Jason Statham dans le Transporteur : Le mieux fringué !Luc Besson a parfaitement trouvé son cœur de cible parmi le public et semble vraiment l'assumer. Le consommateur : l'ado un peu tardé, dopé aux derniers mouvements rap pensant que les chichis et les blabla de plus de 30 secondes à l'écran se fondent dans un charabia d'auteur. Evidemment, on restera toujours un peu perplexe, mais entre les vannes anti-flics prônant également l'apologie du chichon d'un côté, et les combats décérébrés de l'autre rendant involontairement honneur aux nanars des années 80, on a choisi notre camp. D'autant plus que dans le genre, les deux opus du
Transporteur se montrent bien moins honteux qu'on aurait pu l'imaginer et offrent leur lot de bourre-pif délirant. Mais le plus, le vrai plus de l'affaire, c'est bien évidemment l'ami Jason Statham dévoilant d'une part une performance physique ahurissante, mais surtout un capital sympathie immédiat. Etre sapé comme l'agent secret de sa Majesté ne l'empêche pas de bander ses muscles et de fracasser des clients de salles de muscu à tour de bras. On retiendra entre autres ses petits pas de danse sur une flaque d'huile avec des pédales de VTT accrochées à ses pieds pour éviter de glisser. Comme il le démontrera également dans le second film et dans le récent
Crank, Jason est effectivement ce qui se fait de mieux dans le genre aujourd'hui…
The Rock dans Tolerance Zéro : le renouveau du bourrin !Catcheur rompu à l’exercice, Dwayne Johnson dit "The Rock" décide de se frotter au cinéma d’action. Problème : Quel genre de film pourrait convenir à ce beau bébé musclé décidé à mettre Hollywood à genoux ? Après un piètre
Retour de la Momie dans lequel il aura le meilleur rôle, The Rock réclame un film à sa (dé)mesure pour se forger une réputation. L’OVNI va s’appeler
Tolérance Zéro. Puisant ses racines dans le meilleur des années 80, le film tente de renouer avec la période dorée des Schwarzenegger les plus bourrins. Directement inspiré de
Commando et du
Contrat, le gouverneur de Californie a enfin trouvé son digne successeur.
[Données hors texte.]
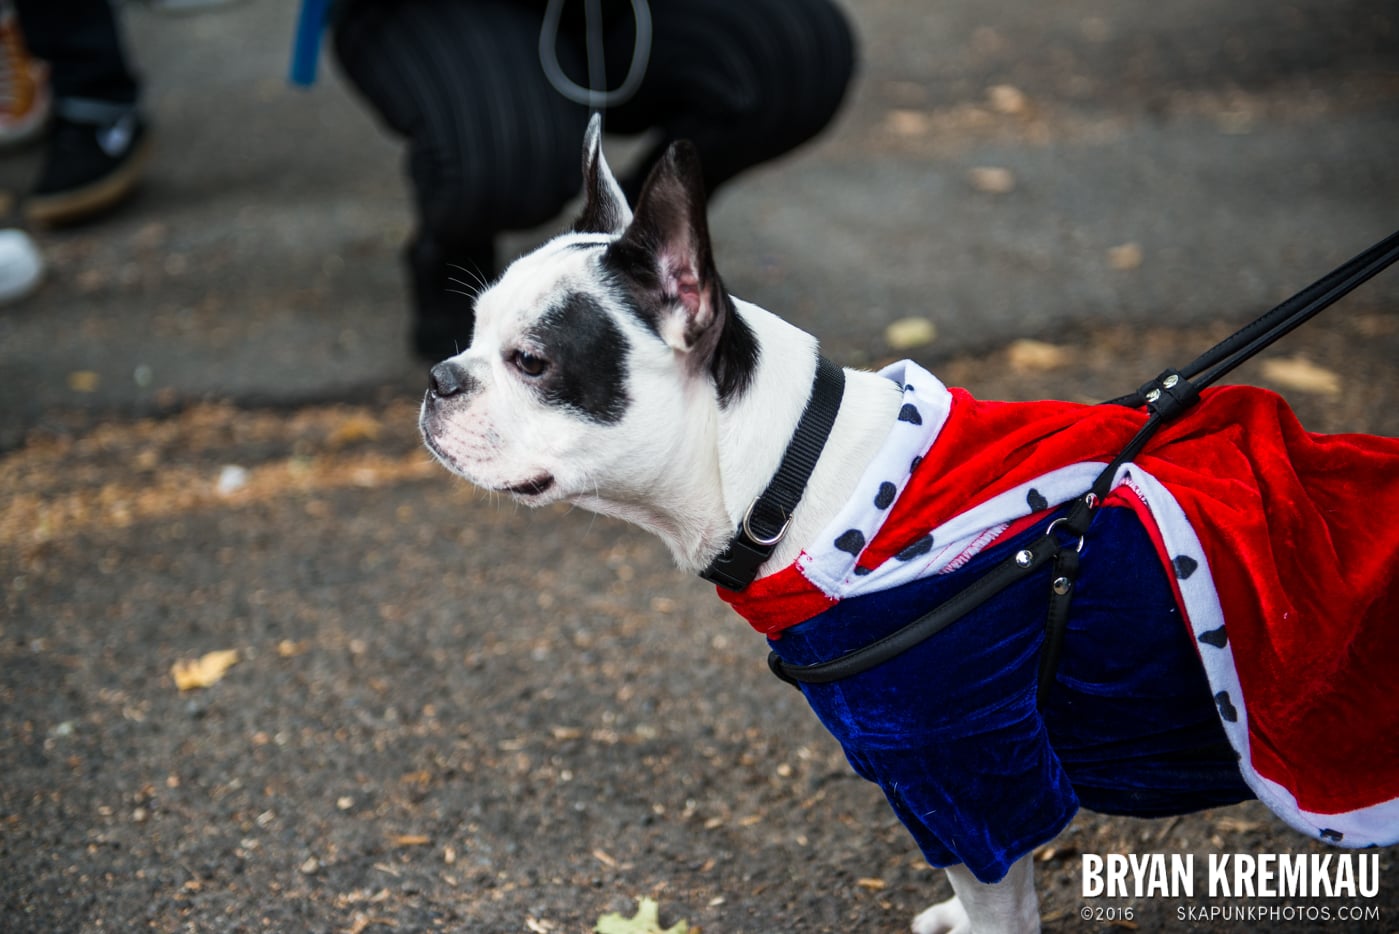 Tompkins Square Halloween Dog Parade 2015 @ Tompkins Square Park, NYC – 10.24.15 (16)
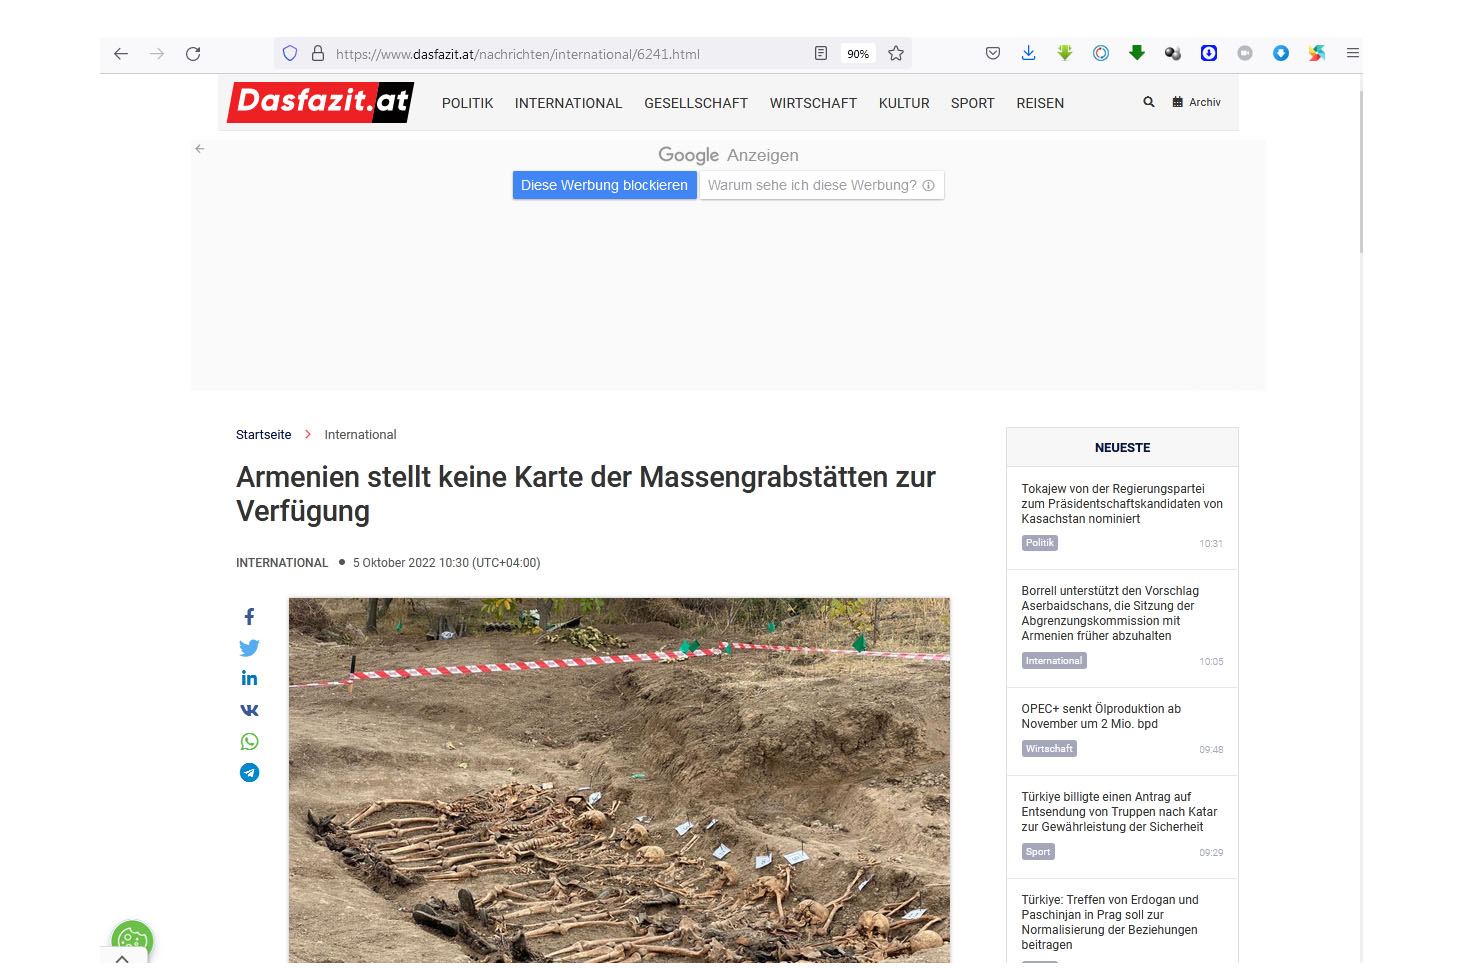 В австрийской прессе опубликована статья об очередном преступлении армян - массовом захоронении в Ходжавенде

D’une durée très courte, mais suffisante pour péter un max de gueules et de décors,
Tolérance zéro (dur de ne pas sourire en mentionnant le titre) oppose un gentil shérif d’une bourgade bien tranquille ("on n’aime pas trop les gens comme vous par chez nous") à une horde de méchants tout droit sortis du meilleur épisode de
Walker Texas rangers. Dans la bonne tradition des années 80, The Rock va refaire le portrait, façon Maison et Travaux, de tous les méchants du coin. Pour le plus grand plaisir des nostalgiques, le héros rentre dans le lard, frappe et flingue tout le monde, alignant les cadavres sous couvert d’une bonne morale bien nauséabonde, vantant l’auto défense et la Vendetta. Mais ne rentrons pas dans la polémique, il faut prendre le plaisir là où il est et ce
Tolérance Zéro reste un vrai bon moment de franche rigolade à déguster devant une bonne bière. The Rock est incontestablement devenu le nouveau Big Man des années 2000 avec ce côté "je m'enfoutiste" typiquement année 80.